Fig. 4Infiltrative nature of the metastatic lymph nodes in a 50 yr old women with proven carcinoma cervix: (A) sagittal reformatted image showing presence of a spiculated irregular nodal mass in left iliac location (asterisk) infiltrating and occluding the lower ureter with upstream hydroureteronephrosis. (B) Enlarged heterogeneously enhancing soft tissue mass in left supraclavicular and paraspinal location encasing the vertebral artery and having intraspinal extension along the neural foramina (arrow) mimicking nerve sheath tumour on imaging, if seen in isolation. (C) Same patient also had multiple lung metastases.

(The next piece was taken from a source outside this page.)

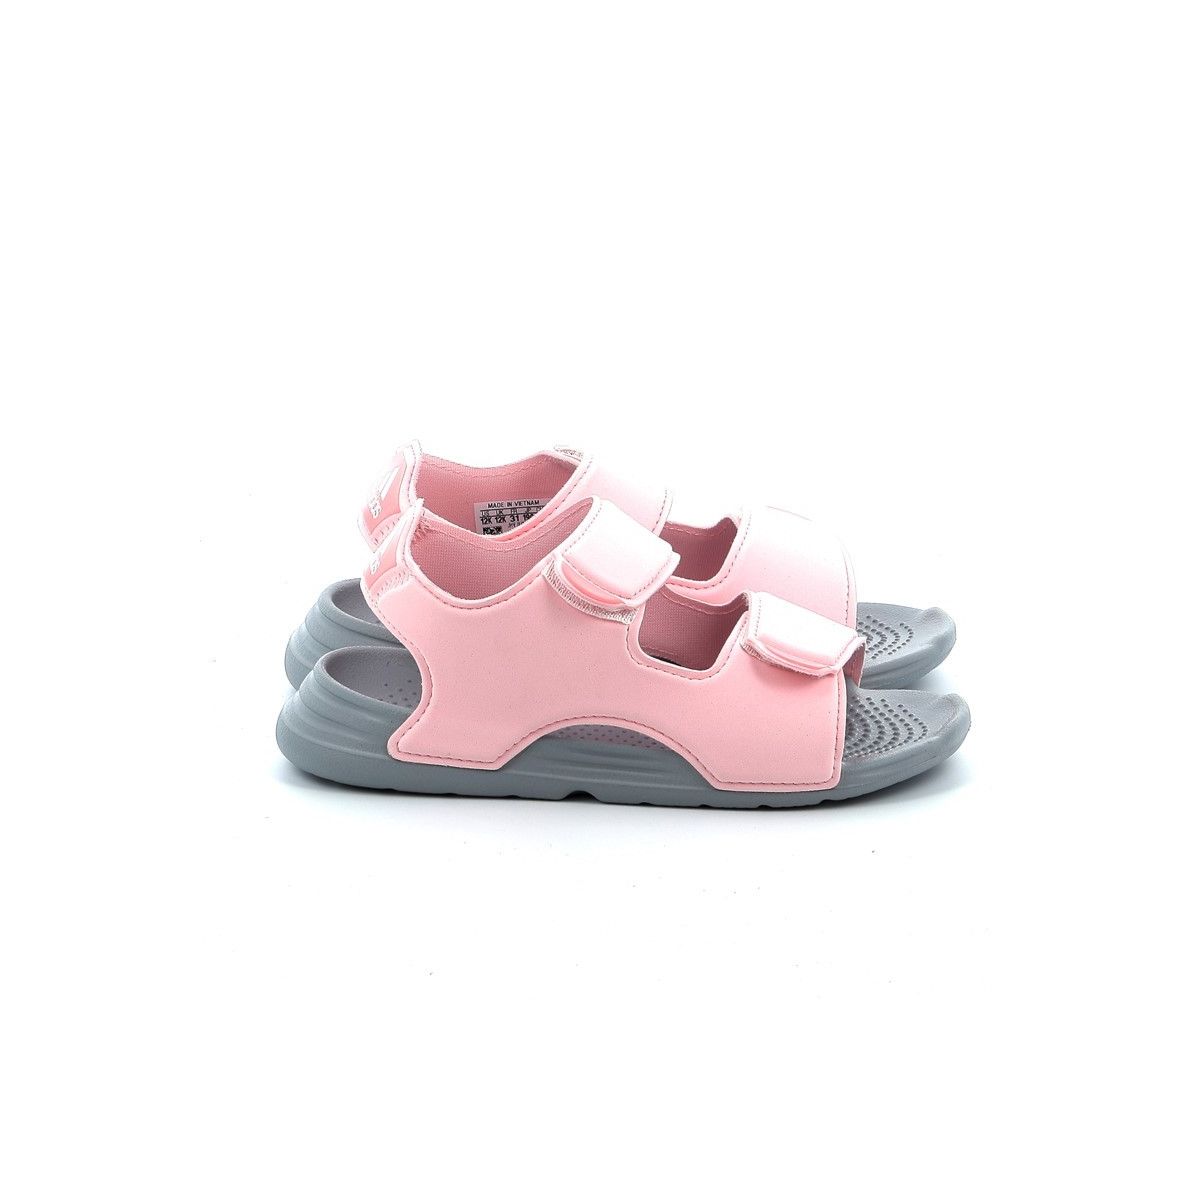 Παιδικό Πέδιλο Θαλάσσης για Κορίτσι Adidas Swim Sandals Χρώματος Ροζ FY8937

Summary of lymph node involvement in cervical carcinoma patients
| Parameters | n (%) |
|---|---|
| Total number of cases | 602 |
| Baseline imaging | 138 (22.9) |
| Follow up imaging | 464 (77.1) |
| Number of cases with lymph node involvement | 226 (37.5) |
| On baseline imaging | 90/138 (65.2) |
| On follow up imaging | 136/464 (29.3) |
| Average largest diameter of cervical mass on baseline imaging | |
| With lymphadenopathy (mean±SD) (cm) | 6.05±0.66 |
| Without lymphadenopathy (mean±SD) (cm) | 5.89±0.34 |
| Number of patients with lymphadenopathy | 226 |
| Pelvic nodes only | 103 (45.6) |
| Para-aortic nodes only | 57 (25.2) |
| Pelvic and para-aortic nodes | 49 (21.7) |
| Inguinal nodes | 29 (12.8) |
| Nodes at distant sites | 17 (7.5) |
| Number of patients with recurrence/residual disease | 136 |
| Disease at local site with nodal involvement | 30 (22) |
| Nodal involvement only | 106 (78) |
| Number of patients with infiltrative nodes | 16 (2.7) |
Infiltrative pattern of lymph nodes in carcinoma cervix patients
| n (%) | |
|---|---|
| Number of patients with infiltrative nodes | 16/602 (2.7) |
| Mean size±SD (cm) (range) | 4.5±2.1 SD (2-5.9) |
| Site/structure involved (n=16) | |
| Vascular | 14 (87.5) |
| Osseous | 5 (31.3) |
| Bowel | 3 (18.8) |
| Ureter | 8 (50) |
| Muscle | 3 (18.8) |
| Other sites (pleura/kidney/spleen/pancreas/ovary) | 5 (31.3) |
| Shape | |
| Well defined | 0 |
| Irregular | 16 (100) |
| Margins | |
| Circumscribed/well defined | 0 |
| Ill defined | 11 (68.8) |
| Lobulated | 5 (31.3) |
| Enhancement | |
| Heterogeneous | 16 (100) |
| Homogeneous | 0 |
| Necrosis | 16 (100) |
| Calcification | 0 |
Fig. 5Infiltrative retroperitoneal nodes in follow up CT scan of a 42 yr old women with history of carcinoma cervix. (A) Axial CECT image in soft tissue window shows large conglomerate nodal mass in retroperitoneum with necrosis within (black asterisk). The mass is infiltrating aorta, inferior vena cava, psoas muscle and is causing erosion of the adjacent vertebral body. Anteriorly, it is infiltrating the colon also. (B) Metastatic retroperitoneal lymph nodes in a 54 yr old woman with carcinoma cervix, post treatment: Follow up CECT scan shows metastatic retroperitoneal lymph nodes (black asterisk) infiltrating aorta, vertebral body, right psoas muscle and the ureter causing upstream hydronephrosis (white asterisk). Inferior vena cava cannot be appreciated suggesting infiltration and occlusion with appearance of dilated tortuous collateral channels in the subcutaneous plane of abdominal wall.